Шрифт:
Интервал:
Закладка:
С Болховитиновым у нас установились хорошие отношения. Почвой для них послужило то, что мы первыми опубликовали стихи молодых поэтов, погибших на фронте, - Михаила Кульчицкого, Павла Когана, Николая Майорова, Всеволода Багрицкого, Николая Отрады (почти никто из них ничего при жизни не напечатал), с предисловием Павла Антокольского, - открыв их читателям и проложив путь для последующих публикаций, коллективных сборников, индивидуальных книг и т. д. Болховитинов когда-то сам писал стихи, а до войны, когда учился на физическом факультете Московского университета, в университетской многотиражке вел отдел литературы. Со многими поэтами фронтового поколения он был знаком, а с Николаем Майоровым, кажется, даже дружил. К нашей затее - а как ни странно, даже тогда это было не просто, вызывало глухое сопротивление, наверное, потому, что многое меняло в утвердившейся картине предвоенной духовной жизни, - он отнесся с большим энтузиазмом, и с тех пор, когда на редколлегии возникало противодействие каким-то острым нашим материалам, неизменно был на нашей стороне. Но вообще держался он в газете несколько на отшибе, на своем научном «хуторе», не очень вникая в общую жизнь редакции…
У Георгия Радова, сменившего Рябчикова в отделе внутренней жизни и поворачивавшего этот отдел к реальным и острым проблемам современной действительности, было прямо противоположное стремление. Он активно участвовал во всем, что происходило в газете, ввязывался в дела, его отдела не касавшиеся. И все бы хорошо, - такие люди в редакции очень нужны, они взрывают рутину, - если бы не уверенность Радова, что он лучше всех знает жизнь. Он решил, что у него есть право наставлять на путь истинный нас, как он полагал, плохо знающих действительность, погрязших во внутрилитературных проблемах и распрях. Я вовсе не хочу сказать, что мы были безгрешны. Но Радов в своих поучениях часто путал публицистику с художественной литературой, его претензии и советы нередко носили вульгарный (конечно, не в бытовом, а в литературоведческом смысле) характер.

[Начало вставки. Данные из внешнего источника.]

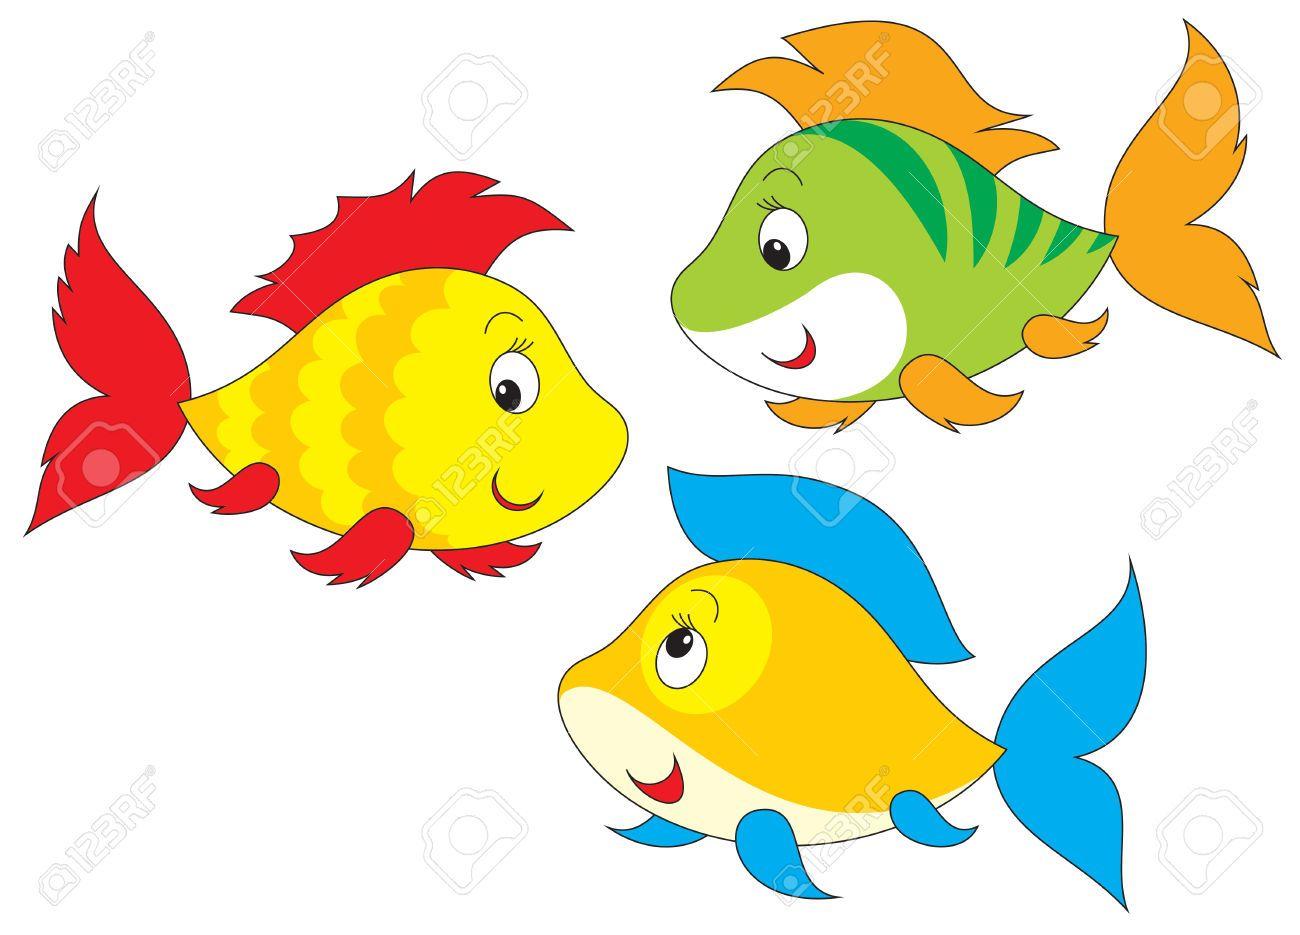 Free fish clipart 5 » Clipart Portal.

Несколько раз по конкретным поводам мы с Радовым схватывались на планерках и летучках с переменным успехом - верх бывал то за ним, то за мной. За этим неизменно стоял все тот же конфликт, все та же проблема. Как-то схлестнулись по поводу заявленного нашим отделом в номер стихотворения Коржавина. После той злополучной реплики «Комсомолки» нам все-таки удалось напечатать еще одно его стихотворение - «Парад ветеранов в Кёльне» - антинацистское, антимилитаристское, номер был посвящен войне, Победе, оно и прошло, морщились, но не возражали. Однако настороженное отношение к его стихам сохранялось. Предложенное нами стихотворение - оно называлось «Наука или утопия?» и обличало обесчеловечивание, попрание личности при помощи обожествляемой новейшей техники - на планерке встретили в штыки.
Первым выступил Радов. Он начал с попреков: отдел литературы из справедливой критики его за оторванность от жизни не делает никаких выводов, молодые сотрудники отдела, предлагая это стихотворение Коржавина, снова подставляют газету под удар. Мыслимо ли сейчас, когда надо всячески форсировать развитие науки и техники в тех областях, которые при Сталине были в загоне, подверглись опустошительному разгрому, выступать со стихами, подрывающими доверие к научному и техническому прогрессу? Да и стихи очень слабые. В таком духе он говорил довольно долго, всячески уязвляя нас за то, что за деревьями литературы мы не видим леса жизни.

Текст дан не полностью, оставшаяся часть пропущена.